ZURICH, April 8 (Reuters) - Shareholder pressure is growing on insurer Baloise to change its voting rules, with influential proxy advisor Glass Lewis backing one investor's bid to remove a 2% ceiling on voting rights, saying it would make the Swiss group more attractive.

Baloise shareholders have no more than 2% of votes, irrespective of how big their stake is, meaning that major investors like BlackRock or UBS cannot fully bring their weight to bear on decision-making.

Investor zCapital is seeking to change that. In its view, lifting the curbs would make Baloise more attractive for long-term financial investors. Shareholders can vote on the proposal, which Glass Lewis endorsed, on April 26.

"We believe that voting rights restrictions inhibit shareholder democracy and can reduce the attractiveness of a company for a potential takeover as well as to potential strategic partners, which can lead to an undervaluation of a company's shares," Glass Lewis said in its assessment of the proposal, which it shared with Reuters on Monday.
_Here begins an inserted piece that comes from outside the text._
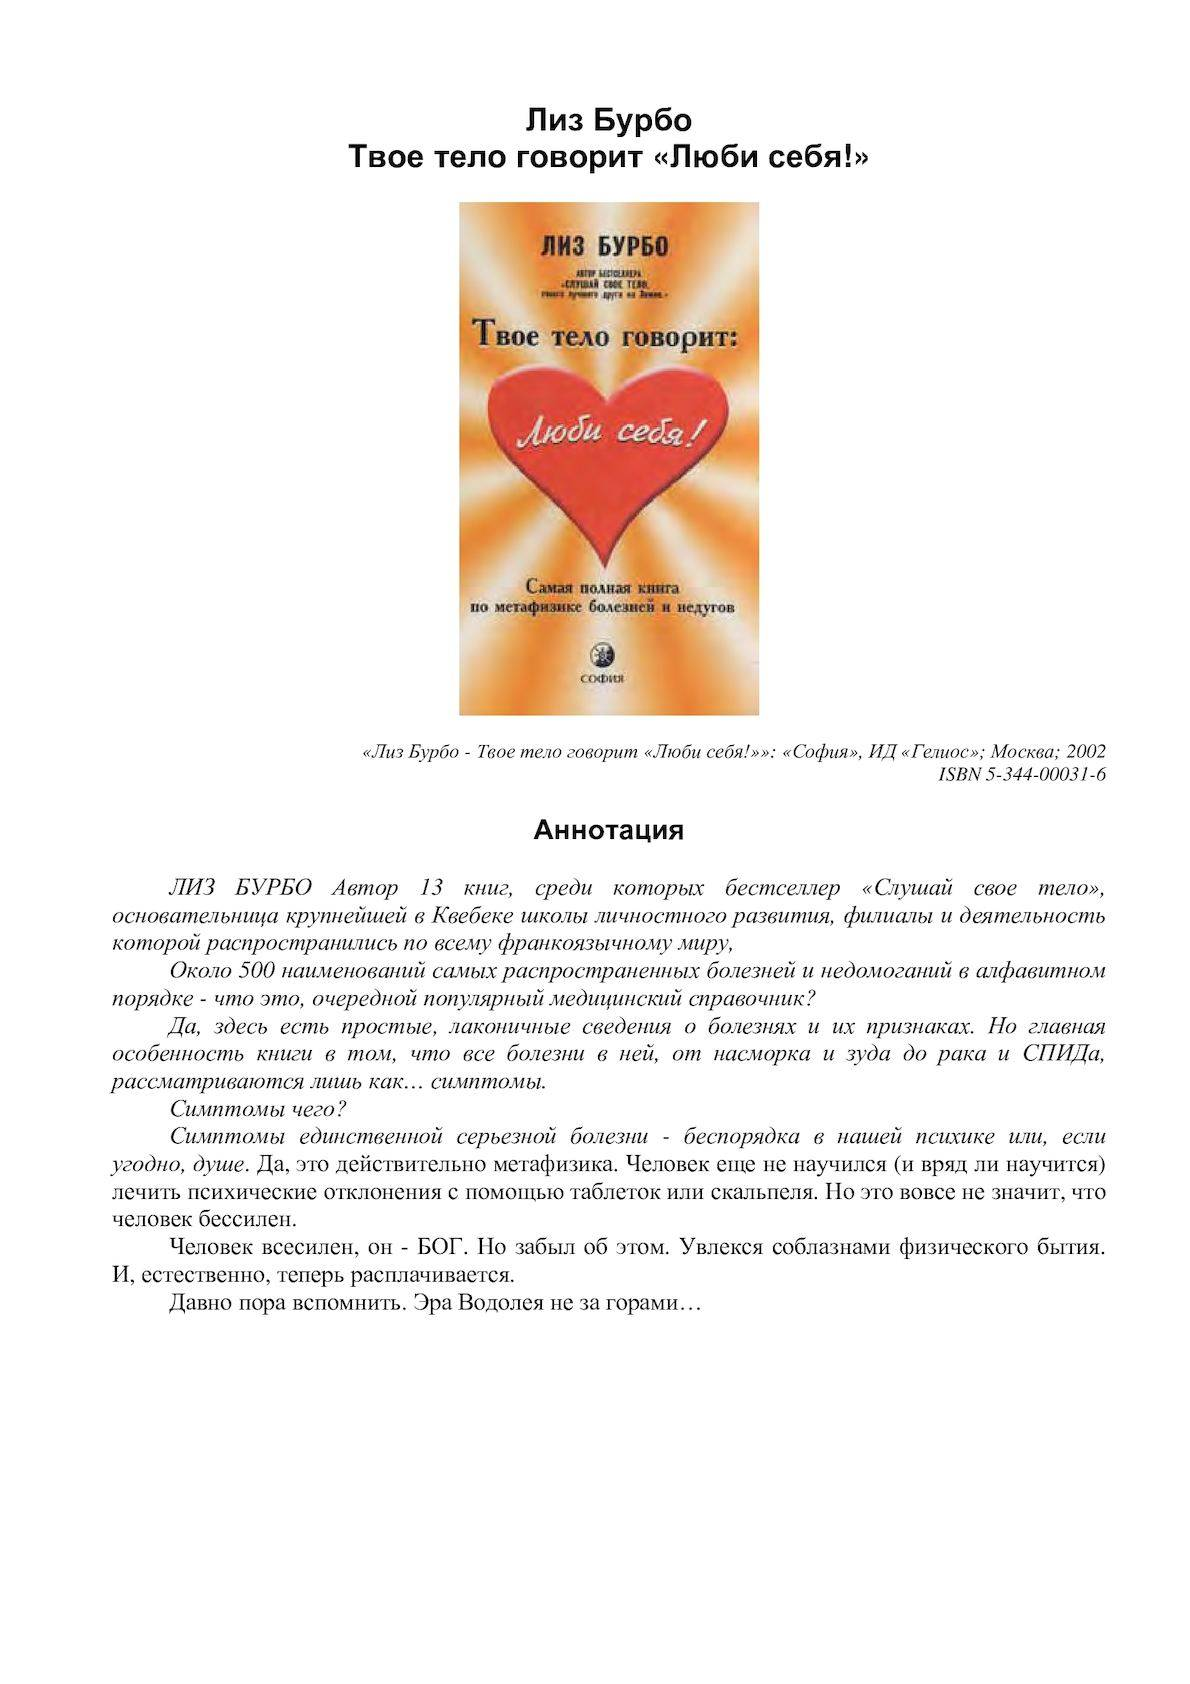 Мимика и жесты: психология поведения человека

The Baloise board has recommended rejecting the proposal, having argued that lifting voting rights curbs was not in the long-term interests of the firm and most of its shareholders.

Curbs on voting rights can be used to protect companies from unwanted takeover attempts.

Basel-based Baloise wants in 2025 to submit its own proposals to alter restrictions on voting rights.

Glass Lewis also backed zCapital on a second contentious proposal. The asset manager has recommended reducing the threshold for reaching a qualified voting majority at Baloise to two-thirds from three-quarters at present.